● Available data
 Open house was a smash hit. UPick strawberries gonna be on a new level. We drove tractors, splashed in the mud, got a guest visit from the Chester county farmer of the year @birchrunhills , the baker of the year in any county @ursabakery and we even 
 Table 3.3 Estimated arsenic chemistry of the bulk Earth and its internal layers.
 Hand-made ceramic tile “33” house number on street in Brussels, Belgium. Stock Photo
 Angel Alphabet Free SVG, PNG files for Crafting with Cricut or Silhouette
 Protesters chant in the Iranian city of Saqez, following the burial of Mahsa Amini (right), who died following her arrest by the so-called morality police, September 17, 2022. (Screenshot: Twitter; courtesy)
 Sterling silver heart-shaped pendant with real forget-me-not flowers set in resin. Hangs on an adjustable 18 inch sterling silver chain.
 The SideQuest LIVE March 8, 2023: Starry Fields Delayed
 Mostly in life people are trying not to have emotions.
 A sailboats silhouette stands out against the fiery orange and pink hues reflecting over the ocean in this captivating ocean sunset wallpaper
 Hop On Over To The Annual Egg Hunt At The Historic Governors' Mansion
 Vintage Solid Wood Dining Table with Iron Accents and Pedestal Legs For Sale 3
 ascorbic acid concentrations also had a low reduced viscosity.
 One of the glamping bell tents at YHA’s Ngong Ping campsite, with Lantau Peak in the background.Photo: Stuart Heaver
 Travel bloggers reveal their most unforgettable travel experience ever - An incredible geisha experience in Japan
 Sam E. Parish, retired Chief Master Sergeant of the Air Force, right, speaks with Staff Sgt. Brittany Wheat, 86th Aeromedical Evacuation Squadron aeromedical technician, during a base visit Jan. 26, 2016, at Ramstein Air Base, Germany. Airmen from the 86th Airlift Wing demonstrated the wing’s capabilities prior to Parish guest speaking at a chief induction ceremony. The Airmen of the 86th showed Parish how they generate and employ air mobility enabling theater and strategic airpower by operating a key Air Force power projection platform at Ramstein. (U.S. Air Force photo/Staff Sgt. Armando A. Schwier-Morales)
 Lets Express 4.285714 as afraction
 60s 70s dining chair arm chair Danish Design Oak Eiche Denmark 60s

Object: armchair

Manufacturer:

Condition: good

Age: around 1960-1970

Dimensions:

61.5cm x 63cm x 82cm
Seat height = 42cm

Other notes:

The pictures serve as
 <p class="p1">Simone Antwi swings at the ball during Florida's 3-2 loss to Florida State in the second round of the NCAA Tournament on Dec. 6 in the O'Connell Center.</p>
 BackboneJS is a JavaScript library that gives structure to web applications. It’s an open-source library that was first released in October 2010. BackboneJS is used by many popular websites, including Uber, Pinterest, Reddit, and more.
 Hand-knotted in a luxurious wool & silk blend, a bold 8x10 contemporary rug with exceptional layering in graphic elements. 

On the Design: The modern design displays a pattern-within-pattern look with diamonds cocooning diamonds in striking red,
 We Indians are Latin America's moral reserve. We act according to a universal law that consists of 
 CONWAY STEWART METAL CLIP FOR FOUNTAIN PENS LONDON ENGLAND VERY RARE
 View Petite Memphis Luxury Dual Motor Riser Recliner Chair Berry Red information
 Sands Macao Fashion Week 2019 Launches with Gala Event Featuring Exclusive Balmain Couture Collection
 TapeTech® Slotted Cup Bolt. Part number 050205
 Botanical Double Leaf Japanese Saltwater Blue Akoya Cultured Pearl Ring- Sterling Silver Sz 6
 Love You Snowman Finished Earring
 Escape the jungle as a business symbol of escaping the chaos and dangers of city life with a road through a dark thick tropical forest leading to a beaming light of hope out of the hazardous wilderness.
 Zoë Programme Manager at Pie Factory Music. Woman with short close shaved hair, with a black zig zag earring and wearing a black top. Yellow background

● What this task involves
Everything starting at the line containing "Mostly in life" and ending at the line containing "Travel bloggers reveal" in the records above should be repeated exactly, and only that.

● Reply to the task
 Mostly in life people are trying not to have emotions.
 A sailboats silhouette stands out against the fiery orange and pink hues reflecting over the ocean in this captivating ocean sunset wallpaper
 Hop On Over To The Annual Egg Hunt At The Historic Governors' Mansion
 Vintage Solid Wood Dining Table with Iron Accents and Pedestal Legs For Sale 3
 ascorbic acid concentrations also had a low reduced viscosity.
 One of the glamping bell tents at YHA’s Ngong Ping campsite, with Lantau Peak in the background.Photo: Stuart Heaver
 Travel bloggers reveal their most unforgettable travel experience ever - An incredible geisha experience in Japan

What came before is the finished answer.